My father was an active man throughout his life. Born in 1912, his formative years were effectively bookend between two world wars – not the easiest of times. The baby of the family by some way, and with a brother, Eric, who had been a young (very) midshipman at Gallipoli and went on to command battle cruisers in WW2, and another brother, Laurie, who was an outstanding mathematician, all combined with a rather wayward and absent father, I get the feeling that Dad was a bit lost. He found himself through walking in the countryside around Tunbridge Wells and climbing on the many sandstone outcrops to be found there.
Although money was clearly tight, he always managed to save enough to go climbing in the Alps – at a time when Switzerland was still relatively cheap if you had sterling and were prepared to travel rough. Looking at the pictures, you can see such a happy young man, clearly building strong and lasting friendships – not only with the friends he went with, but with the older guides, who appear to have become surrogate fathers. (Col Durand, Zermatt)
Post-war he kept up his walking, now with a number of beloved Red Setters, and his climbing started to extend to North Wales with the Climbers Club and continued to return to Switzerland, meeting up with friends in the Swiss Alpine Club – where he was a member too. In fact one of his Swiss friends became my godfather – and you could not find someone who was further from the reserved stereotypical Swiss: he was open, loving, generous and with a huge sense of humour.
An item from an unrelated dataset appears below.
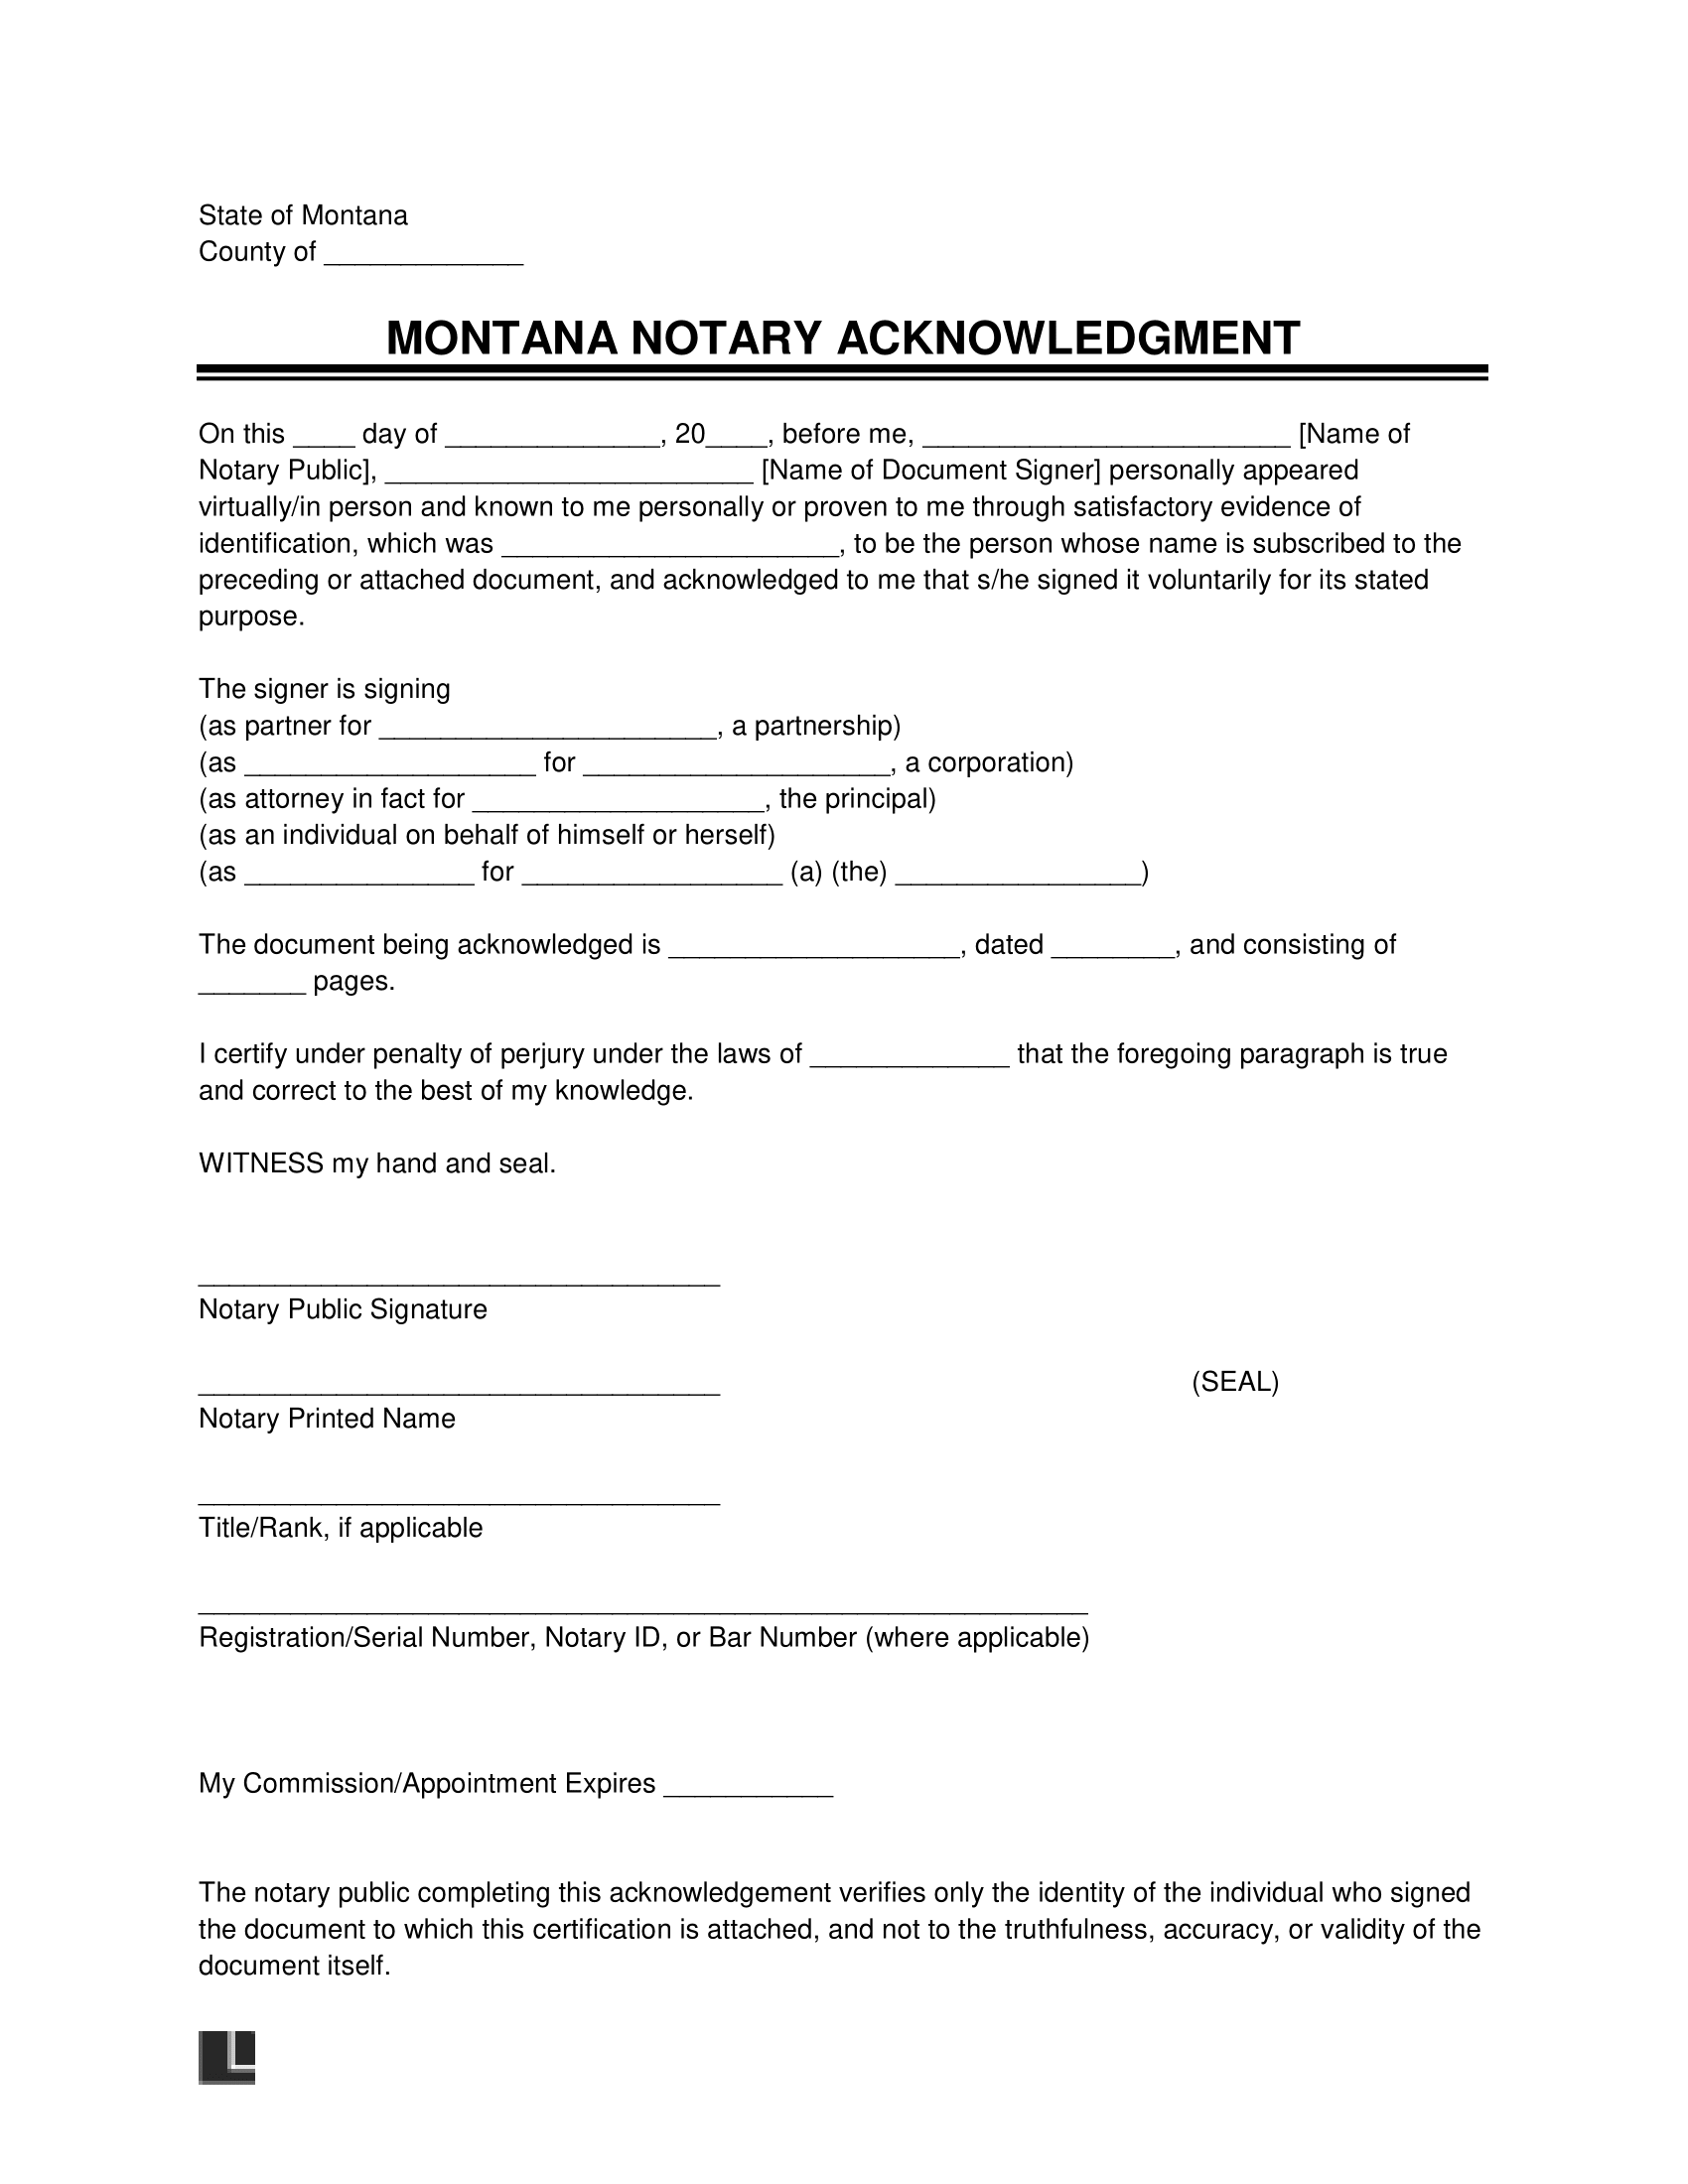 Montana Notary Acknowledgement

Clearly this was a fun life for a single man and perhaps because of that, and the dysfunctional family life he had experienced, my father married late. And although the Alpine expeditions stopped when my older brother and I came on the scene, the walking and climbing on the sandstone rocks continued. For us children, our first tentative steps were on the soft sandy paths, first scrambles and tumbles on the easy sloping slabs, and then longer expeditions onto Ashdown Forest and attempts at ever more technical climbs.
The arrival of much-loved Labradors just made the whole walking experience more fun. In fact, walking was so part of our life and it never struck me that others did not spend so much time outdoors in all weathers.
We also did longer walks while on our regular holidays in the Spey Valley in Scotland: ‘Four Caingorms in a day’, the Lairig Ghru and the Lairig an Laoigh were all great favourites. Nights out under the Shelter Stone at the top end of Loch Avon (pronounced A’an) or tramping in to fly-fish for lightning-fast little trout on the moraine lochs in Glen Einich are still magical memories I treasure.
Sometimes we would go back to Switzerland to visit my godfather and revisit the areas my father and he had explored when they were young. I well remember being introduced to an aged guide in Grindelwald, one who had undertaken some great climbs with my father on the Monch and the Jungfrau. My father and he embrace on meeting and the warmth of their interaction as they recalled their times together was striking – and starkly contrasting to the single cold meeting I had had with his father – my grandfather.
Dad remained fit and healthy into his older age and at 75 we even did the Lairig an Laoigh pass – 29km through the Cairngorm Mountains. At 6’ 4’’ and 13.5 stone, tanned and with a full head of hair he hardly looked his age, though I was acutely aware that Mountain Rescue would be unimpressed should anything have gone wrong on such a remote route. Luckily nothing did happen and what a magnificent day it was and such a wonderful shared experience to look back on, right to the end of his days.
When my father had retired Mum wanted to get him out of the house so, knowing his passion for walking and sharing his routes, she suggested he write a walks guide. He set about this with a real focus and a year or so later published a book of 25 ‘Walks on Ashdown Forest and Around Tunbridge Wells’ which encapsulated the wonderful walks we had all done growing up. He had it bound the size of an OS map and in bright orange, supposedly so he could see if anyone was using it – though whether to give support or avoid those people who had it he never made clear!